Au cours d'une première période terne entre les Marseillais et les Gunners, André Ayew n'a pas semblé à son aise face à la défense pourtant fébrile d'Arsenal. Arsène Wenger a forcément dû le noter.

La vitesse de pointe de Mertesacker et Jenkinson ne fait peur à grand-monde en Angleterre. Très lents, les deux défenseurs ont pourtant su cadenasser André Ayew. Le Ghanéen comptait se montrer face à Arsenal, bien conscient qu’Arsène Wenger apprécie son profil et l’aurait bien enrôlé cet été, mais devra repasser. Il n’a pas fait la différence, ce n’est rien de le dire. Physiquement, on l’a senti mal à l’aise, strappé il et vrai à la cuisse juste avant le début de la rencontre. Mais Ayew n’a jamais été l’accélérateur de jeu que Deschamps souhaiterait.

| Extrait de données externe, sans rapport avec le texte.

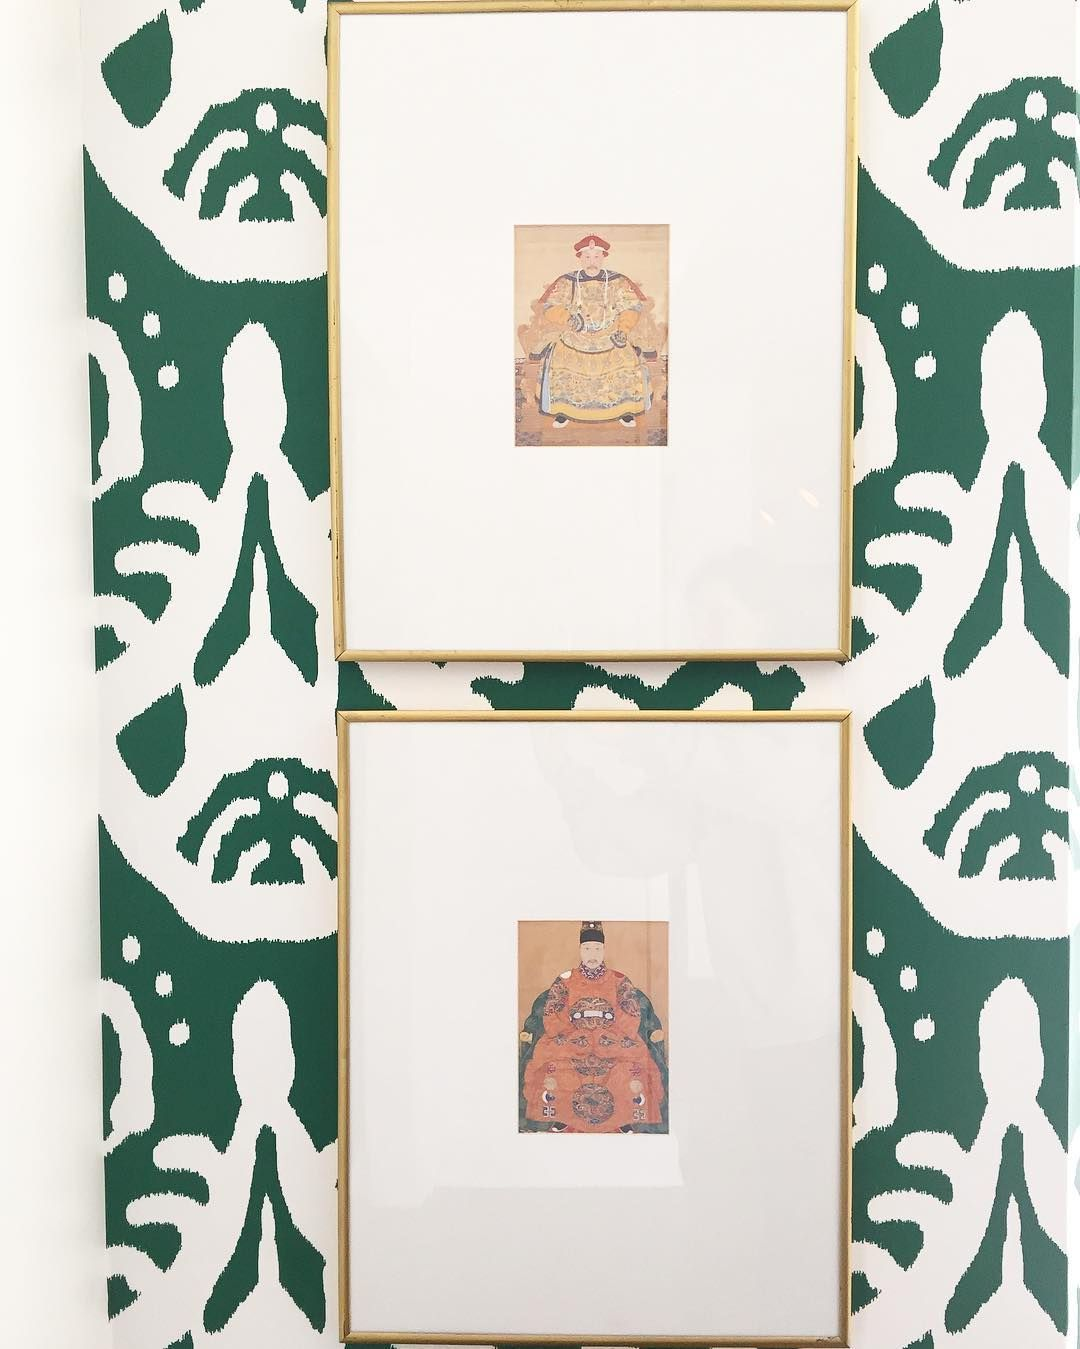 chinoiserie art, emerald green ikat wallpaper

Agressif dans le mauvais sens
Du coup, les Marseillais ont préféré faire pencher le jeu à droite, où Valbuena semblait plus inspiré, sans être génial non plus. Incapable de déborder, de délivrer ou de créer, Ayew s’est montré agressif dans le mauvais sens du terme. Mécontent suite à une main indiscutable de Jenkinson dans la surface, Ayew a gueulé pour signaler un penalty mais l’arbitre lui a sorti un carton jaune. Sa mauvaise humeur est donc ressortie. Et les grandes gueules, Wenger, a horreur de ça.